An ICLR 2025 paper proposing a new method for measuring whether LLM explanations are faithful — i.e. whether the concepts the explanation cites as influential actually are influential in the model's behaviour. The authors give a rigorous definition of faithfulness in terms of the difference between the set of concepts the explanation implies are influential and the set that truly are, and present a method that uses (1) an auxiliary LLM to construct realistic counterfactuals by modifying concept values in the input, and (2) a Bayesian hierarchical model to quantify per-concept causal effects at example and dataset level.

Contribution

Two contributions: a formal definition of LLM explanation faithfulness in terms of concept-level causal effects, and a counterfactual + Bayesian-hierarchical estimation method that operationalises it.
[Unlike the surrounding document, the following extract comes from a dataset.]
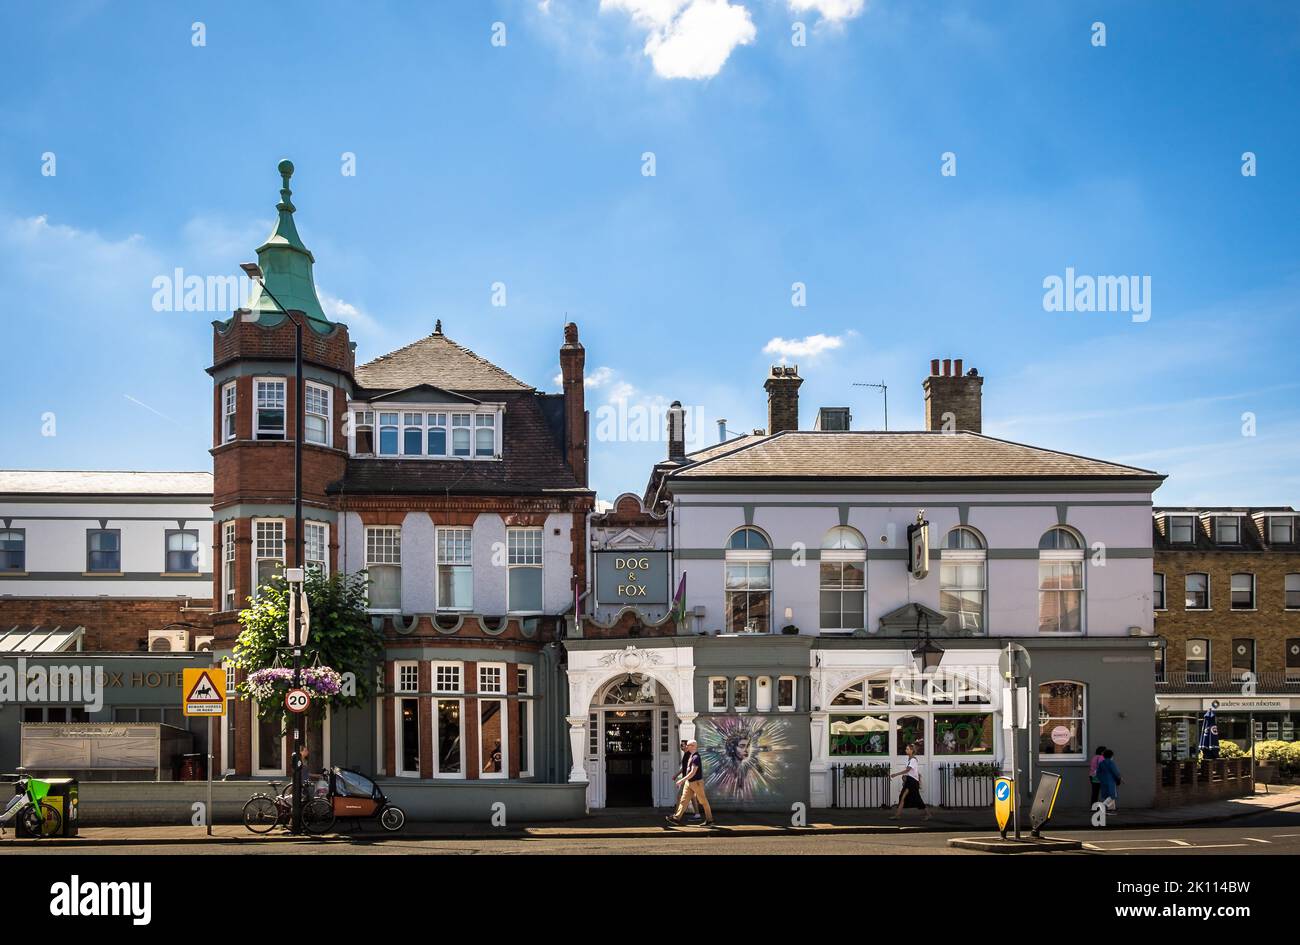 London, UK, July 2022, view of the Dog and Fox, a pub and hotel in Wimbledon Village high street Stock Photo
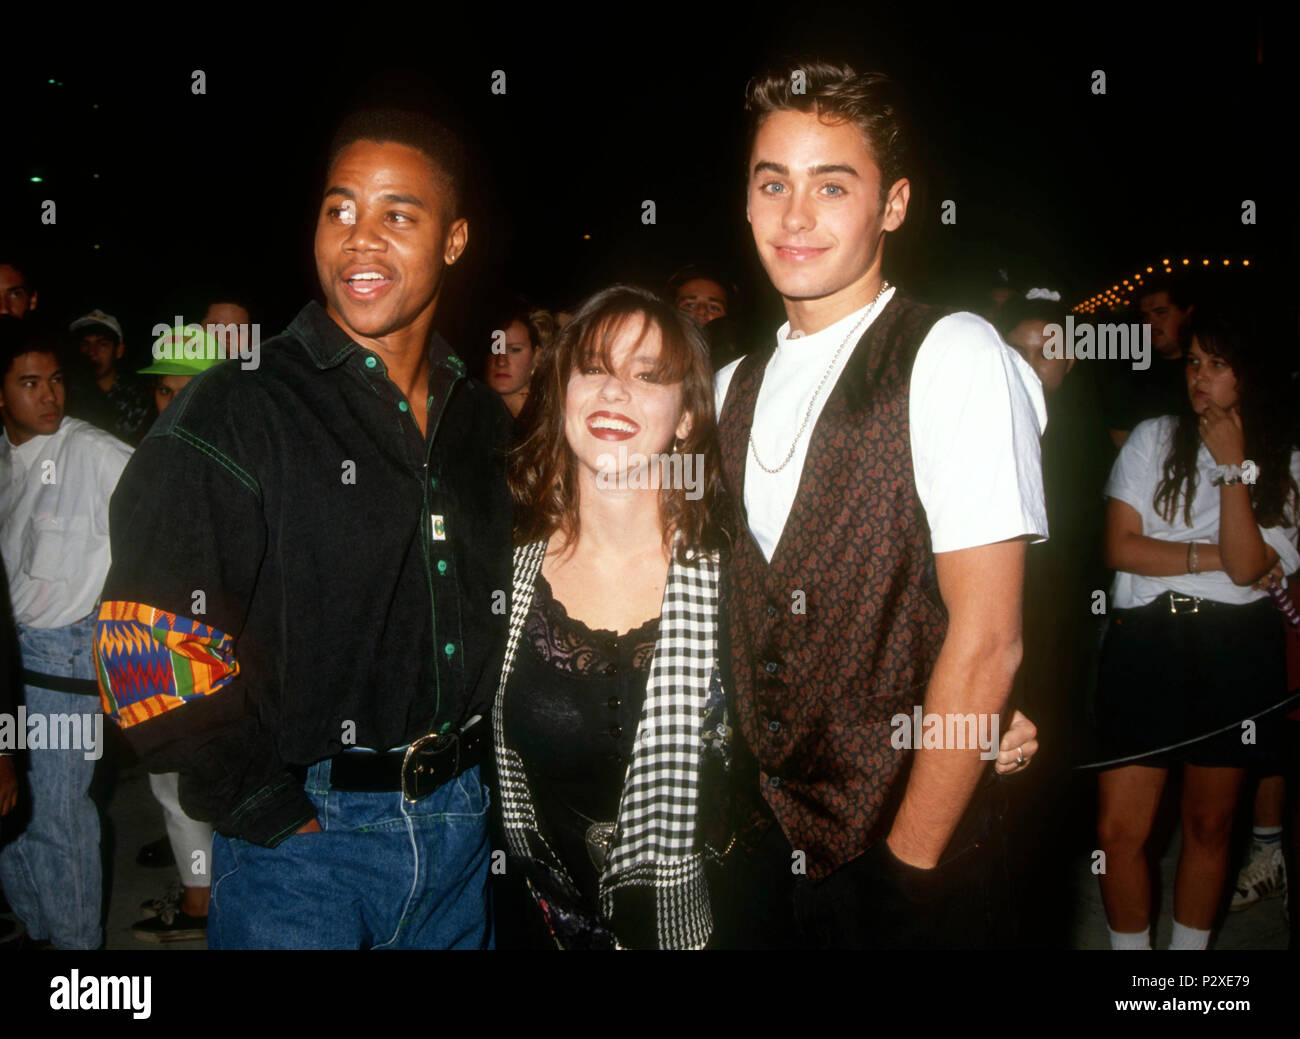 LOS ANGELES, CA - OCTOBER 17:  (L-R) Actor Cuba Gooding Jr., actress Soleil Moon Frye and actor/singer Jared Leto attend the premiere of 'Cool As Ice' on October 17, 1991 in Los Angeles, California. Photo by Barry King/Alamy Stock Photo Stock Photo

Applied to a social-bias hiring task, it uncovers cases where LLM explanations cite age, traits and skills but hide the influence of gender; applied to medical QA, it uncovers misleading attributions about which evidence drove the answer.

Method

Causal/counterfactual evaluation pipeline: LLM-generated counterfactual inputs + Bayesian hierarchical model of causal effects at example and dataset level; applied to social-bias and medical-QA benchmarks.

Relevance to RISE

Provides a deployable instrument for the reasoning-faithfulness pillar of RISE. Any pipeline that surfaces an LLM's stated reasons (e.g. an autonomous reviewer system like reviewer or an autonomous scientist like sakana-ai-scientist) can use this method to audit when those stated reasons are misleading, complementing the related findings of 1.

Critique / open questions

Counterfactuals are themselves LLM-generated, which can introduce artefacts; the method is demonstrated on two tasks (social bias, medical QA) and its applicability to long-form research-style explanations needs separate evaluation. Bayesian hierarchical estimation may be expensive to scale across many dataset items.

Key quotes

"We define faithfulness in terms of the difference between the set of concepts that LLM explanations imply are influential and the set that truly are."

"On a social bias task, we uncover cases where LLM explanations hide the influence of social bias."